GOAL OF THE EXERCISE: Each line from the one bearing "Food Science: Explaining" through the last line of the entries below should be returned exactly, with pictures left out.

STORED DATA:
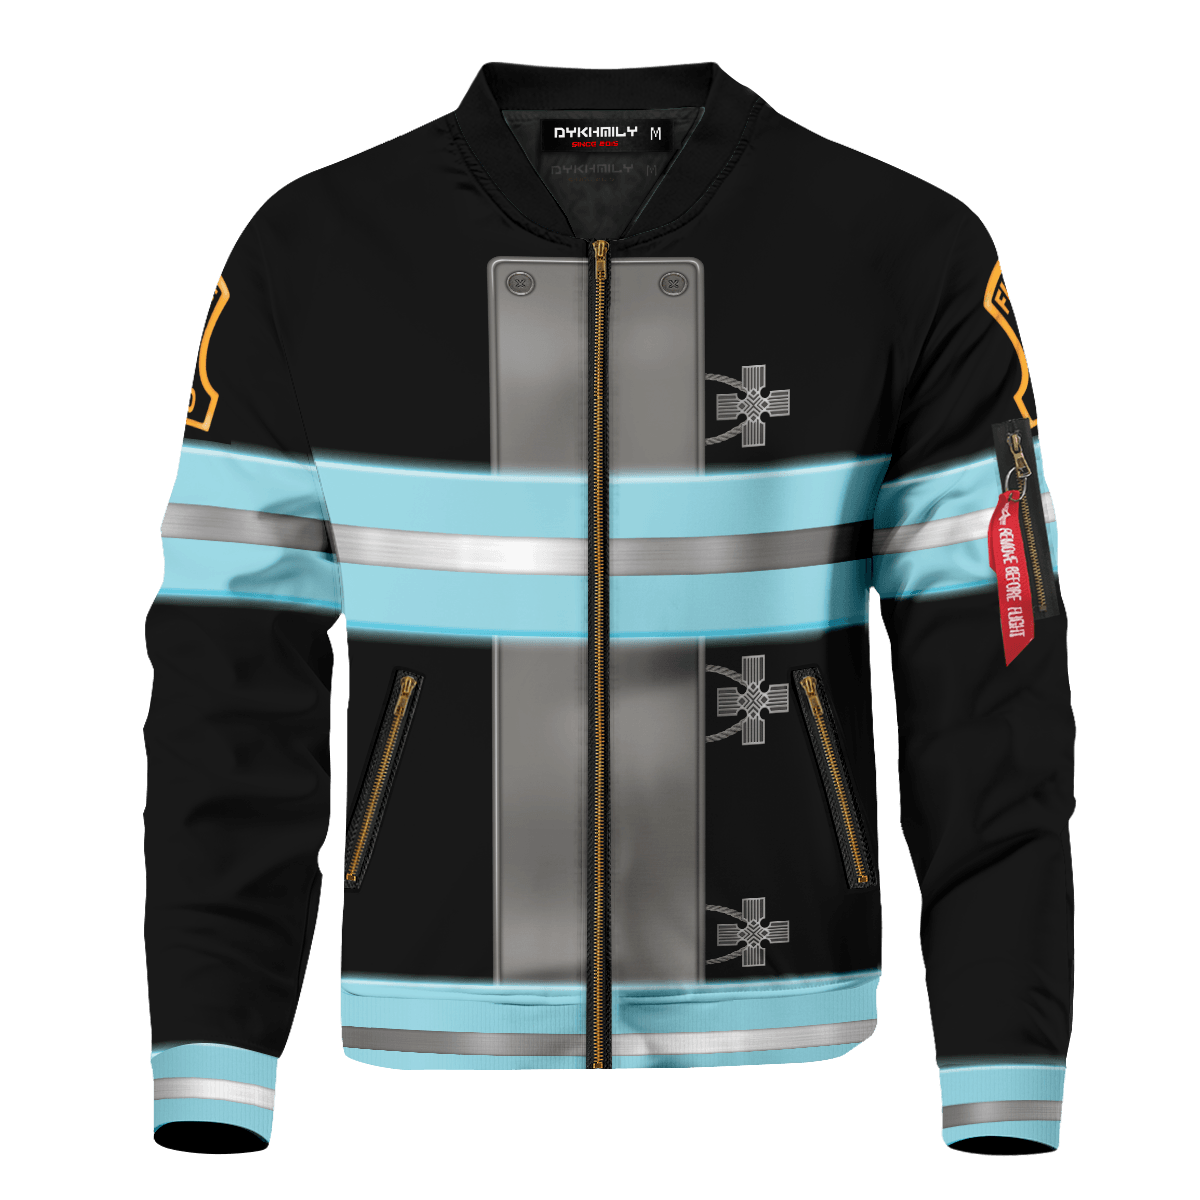 Anime Fire Force Bomber Jacket
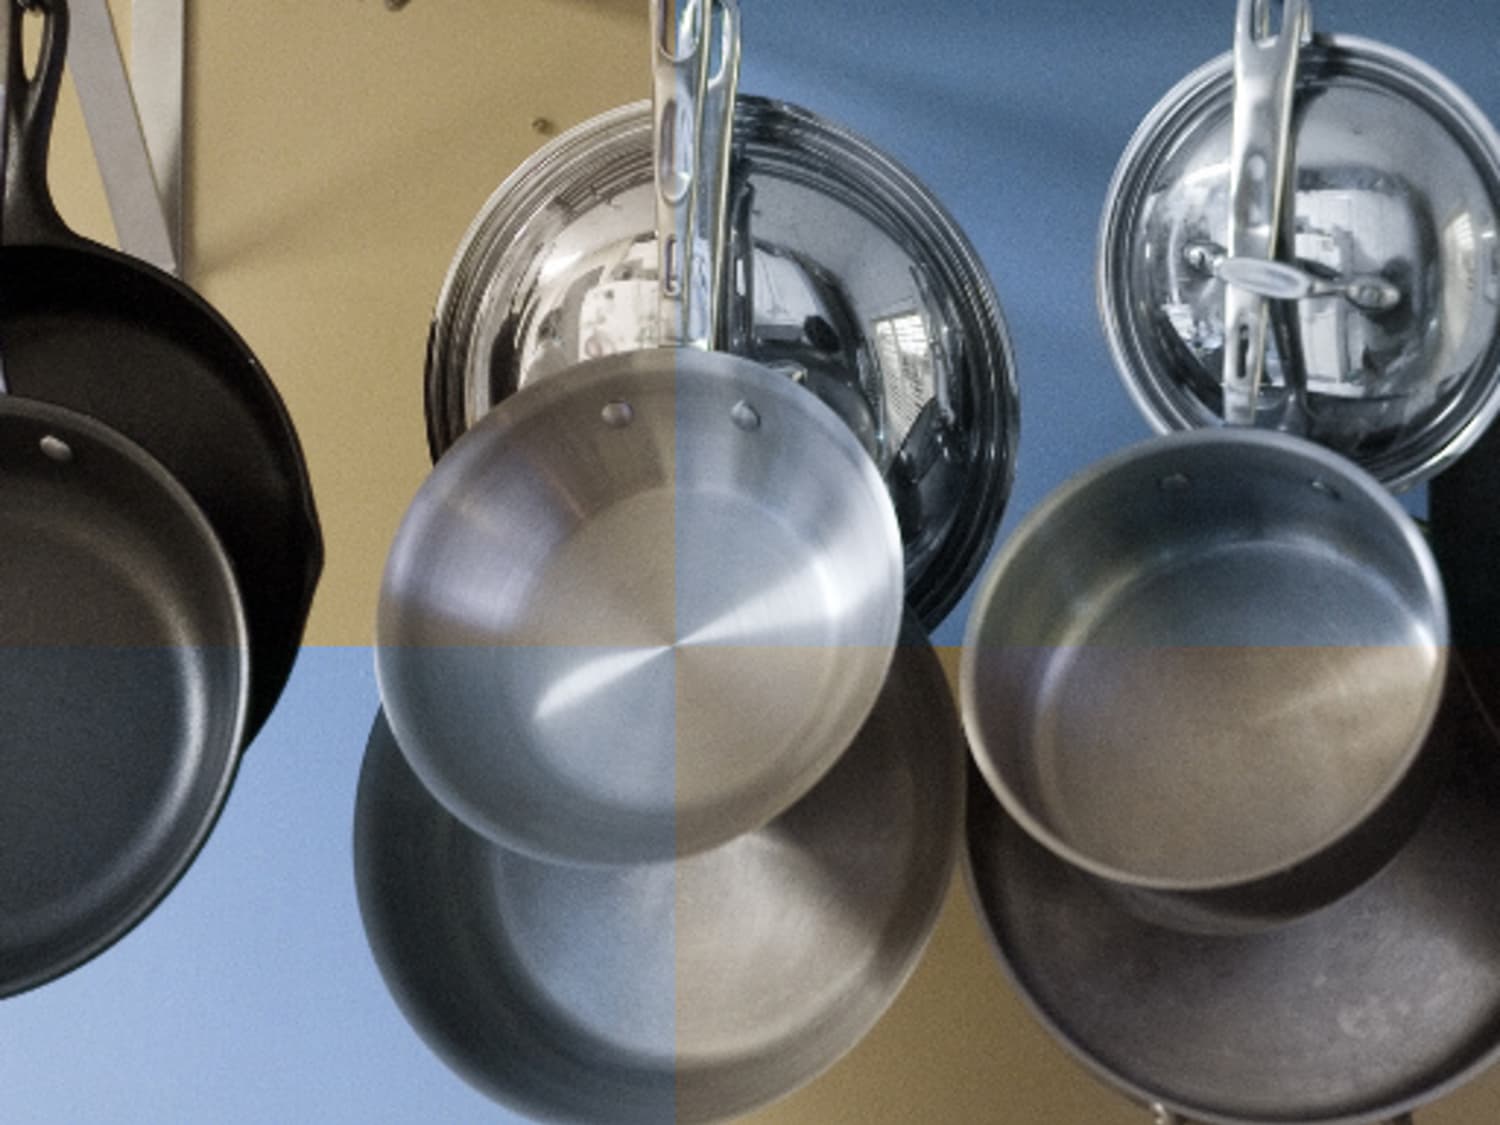 Food Science: Explaining Reactive and Non-Reactive Cookware
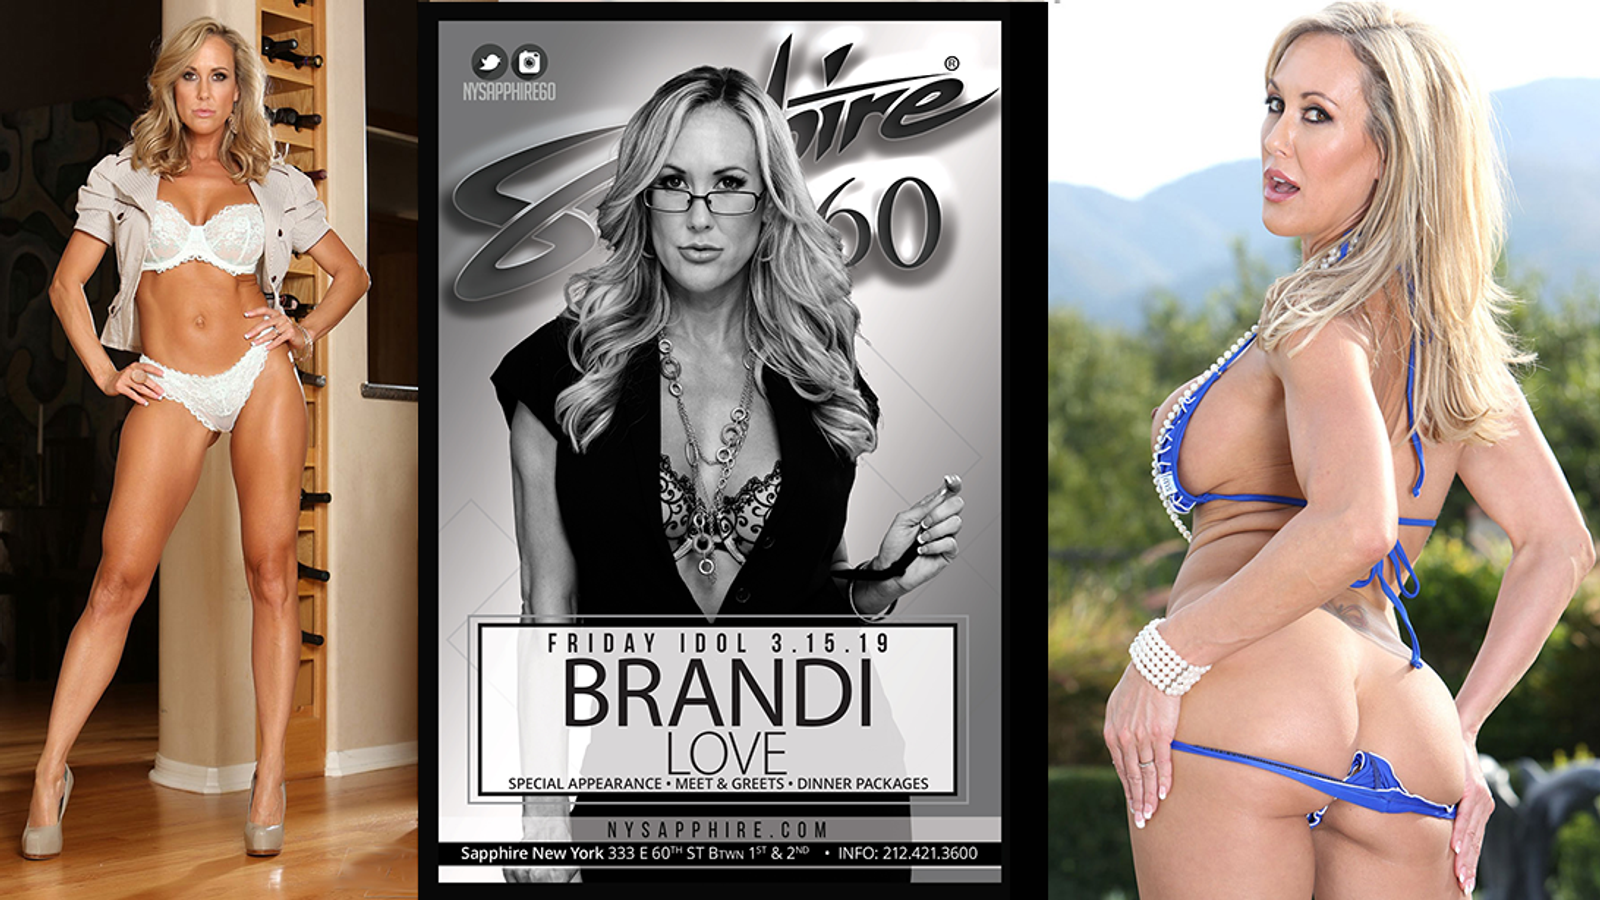 Brandi Love Will Be Live at Sapphire 60 in NYC Friday Night
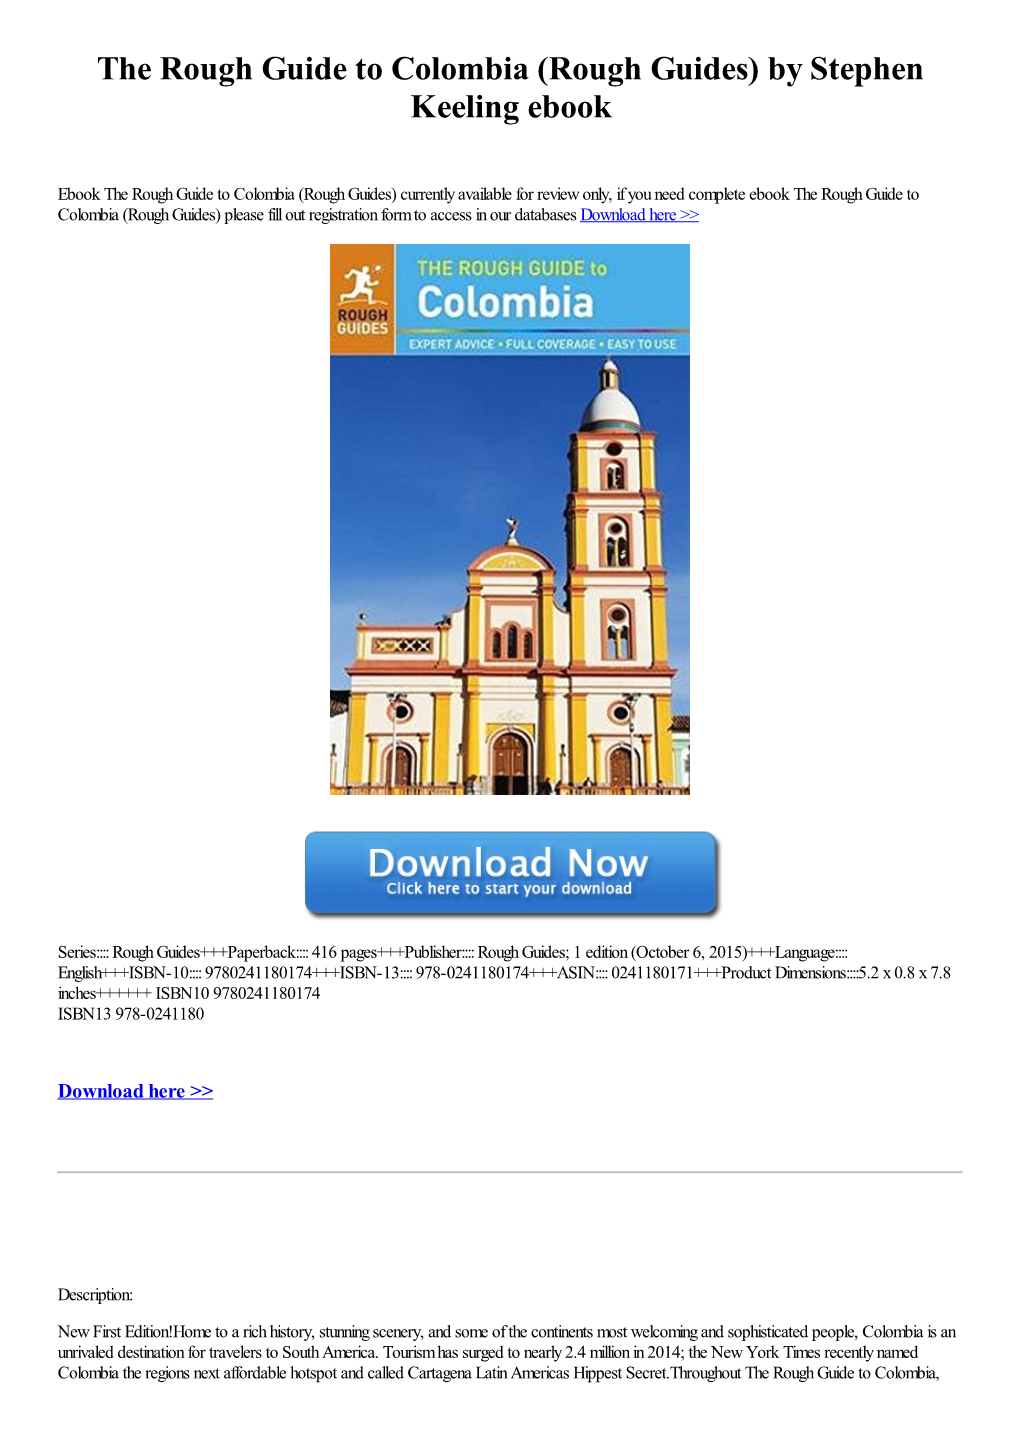 The Rough Guide to Colombia (Rough Guides) by Stephen Keeling [Ebook]
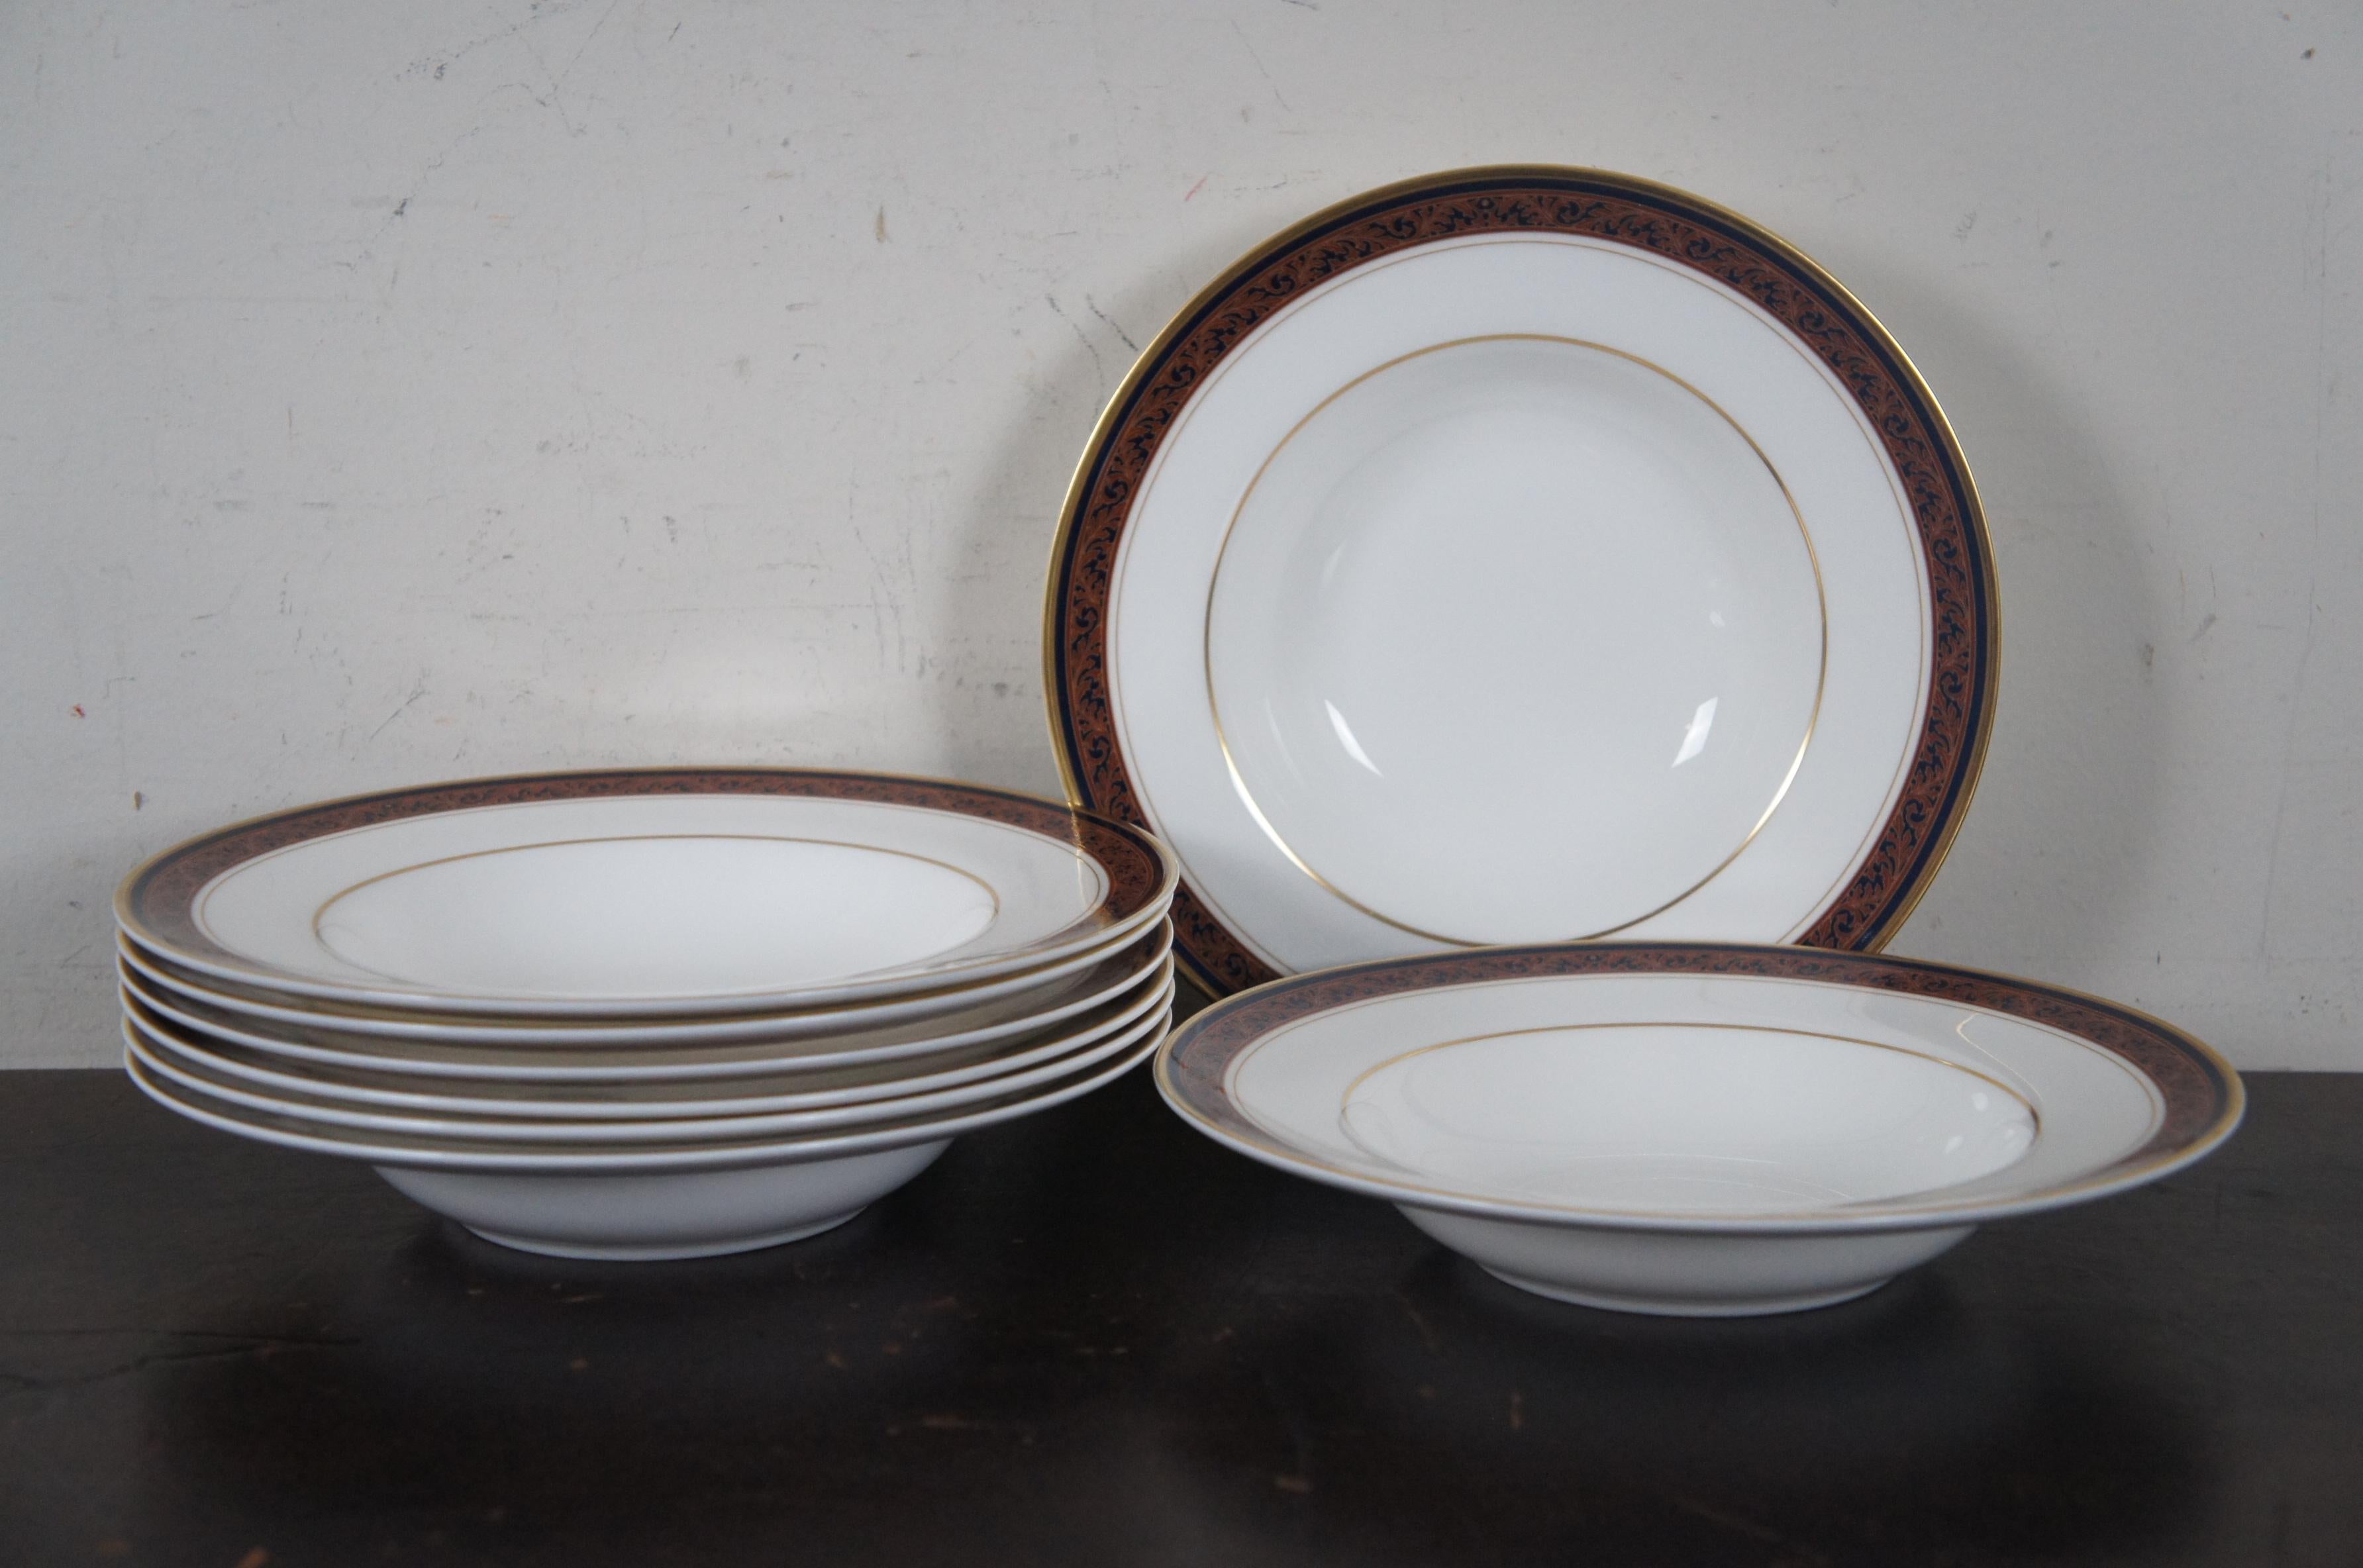 57 Pc Royal Doulton Regal Crest H5221 English Bone China Dinnerware Set, 1993 In Good Condition For Sale In Dayton, OH

RESPONSE TO THIS EXERCISE:
 Food Science: Explaining Reactive and Non-Reactive Cookware
 Brandi Love Will Be Live at Sapphire 60 in NYC Friday Night
 The Rough Guide to Colombia (Rough Guides) by Stephen Keeling [Ebook]
 57 Pc Royal Doulton Regal Crest H5221 English Bone China Dinnerware Set, 1993 In Good Condition For Sale In Dayton, OH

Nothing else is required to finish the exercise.